Fiddich Review Centre
Alternative Investment

FCA consults on LIBOR wind down

“While we consider synthetic LIBOR a fair and reasonable approximation of what LIBOR might have been, it will no longer be representative,” the FCA said in a release accompanying the consultation. “It is not for use in new contracts. It is intended for use in certain legacy contracts only.”

Regulators have been seeking to do away with the widely-used financial benchmark amid ongoing concerns about the integrity and reliability of survey-based benchmarks in the wake of the LIBOR market manipulation scandal.

However, the benchmark’s extensive use in derivative and loan contracts has made the transition to new, alternative rates a tricky practical challenge.

Alongside its latest plans for U.S. dollar LIBOR, the FCA noted that the synthetic Yen LIBOR settings will still cease at the end of this year.

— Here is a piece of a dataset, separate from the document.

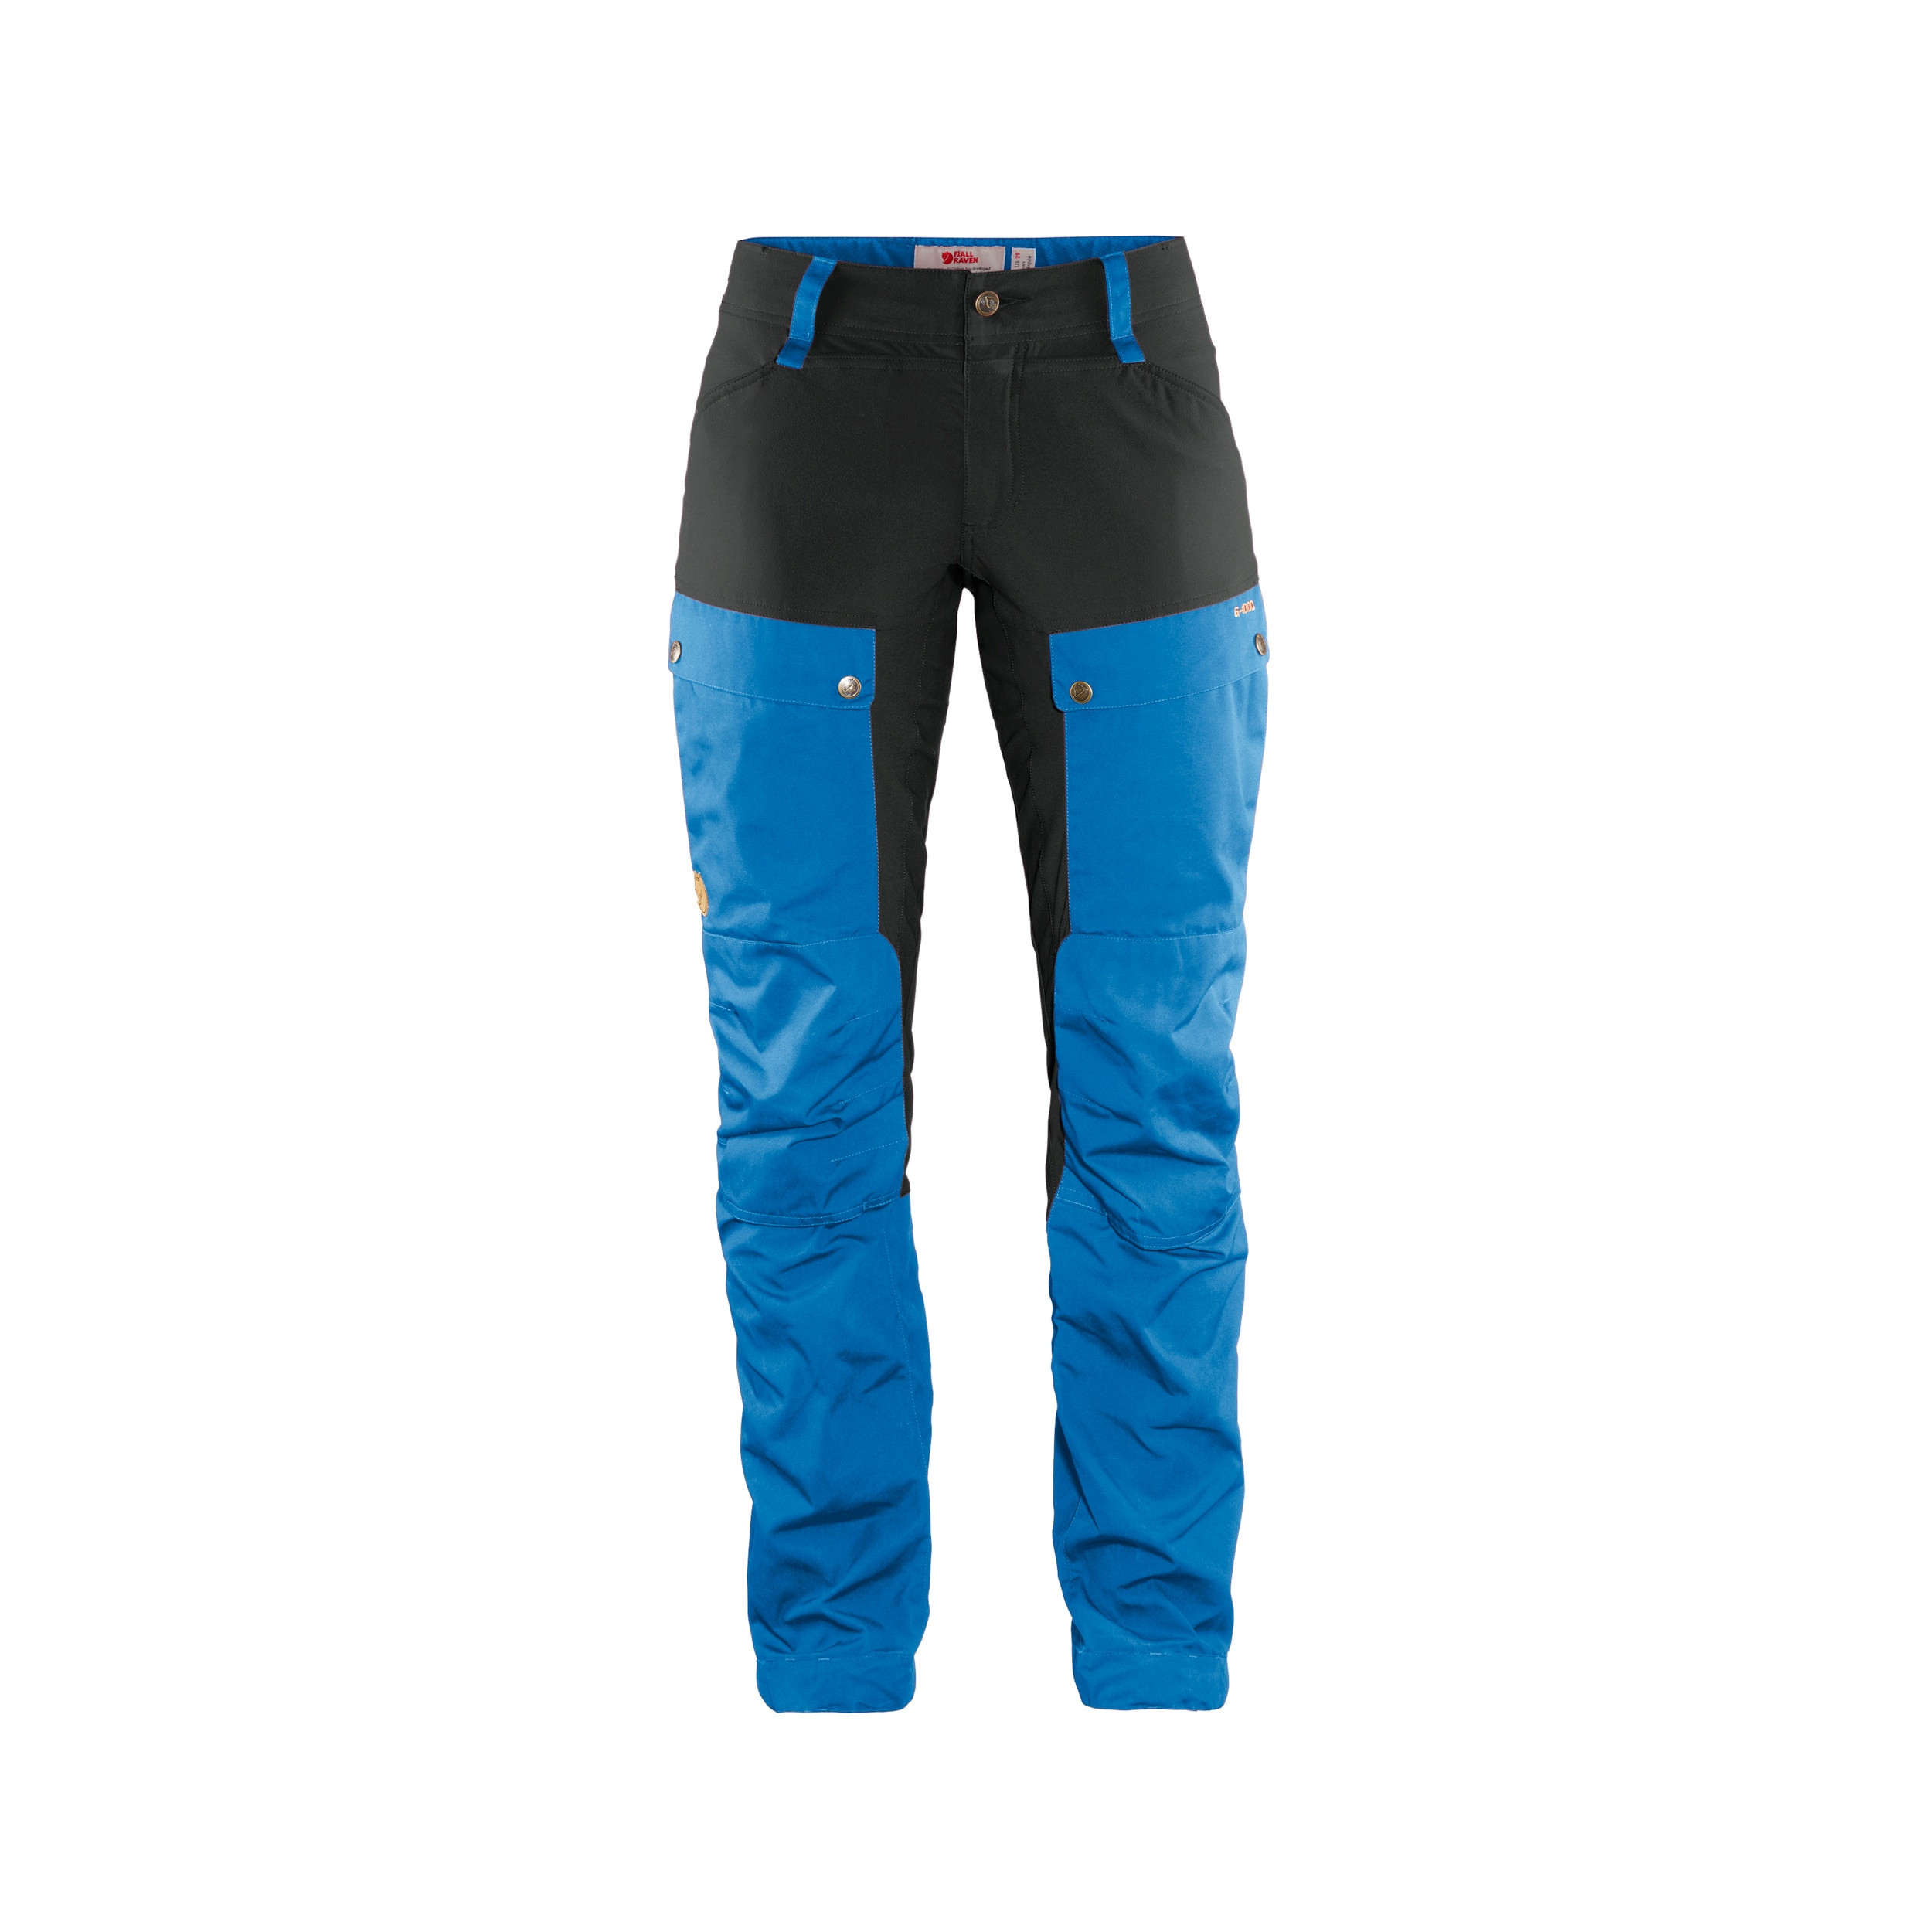 Fjällräven KEB Trousers Curved Short, W's

“Market participants using these rates must take the necessary action to prepare for this,” the FCA said.

The one- and six-month settings of U.K. sterling LIBOR is due to cease at the end of March 2023, but the FCA said that it will still require IBA to publish the three-month version until the end of March 2024.

And, the publication of overnight and 12-month U.S. dollar LIBOR settings will stop at the end of June 2023.

Canadian policymakers are also working to replace the Canadian Dollar Offered Rate (CDOR) benchmark with the Canadian Overnight Repo Rate Average (CORRA) at the end of June 2024.

The FCA’s latest consultation will remain open until Jan. 6, 2023. The regulator said that it expects to finalize its decision in late Q1 or early Q2 next year.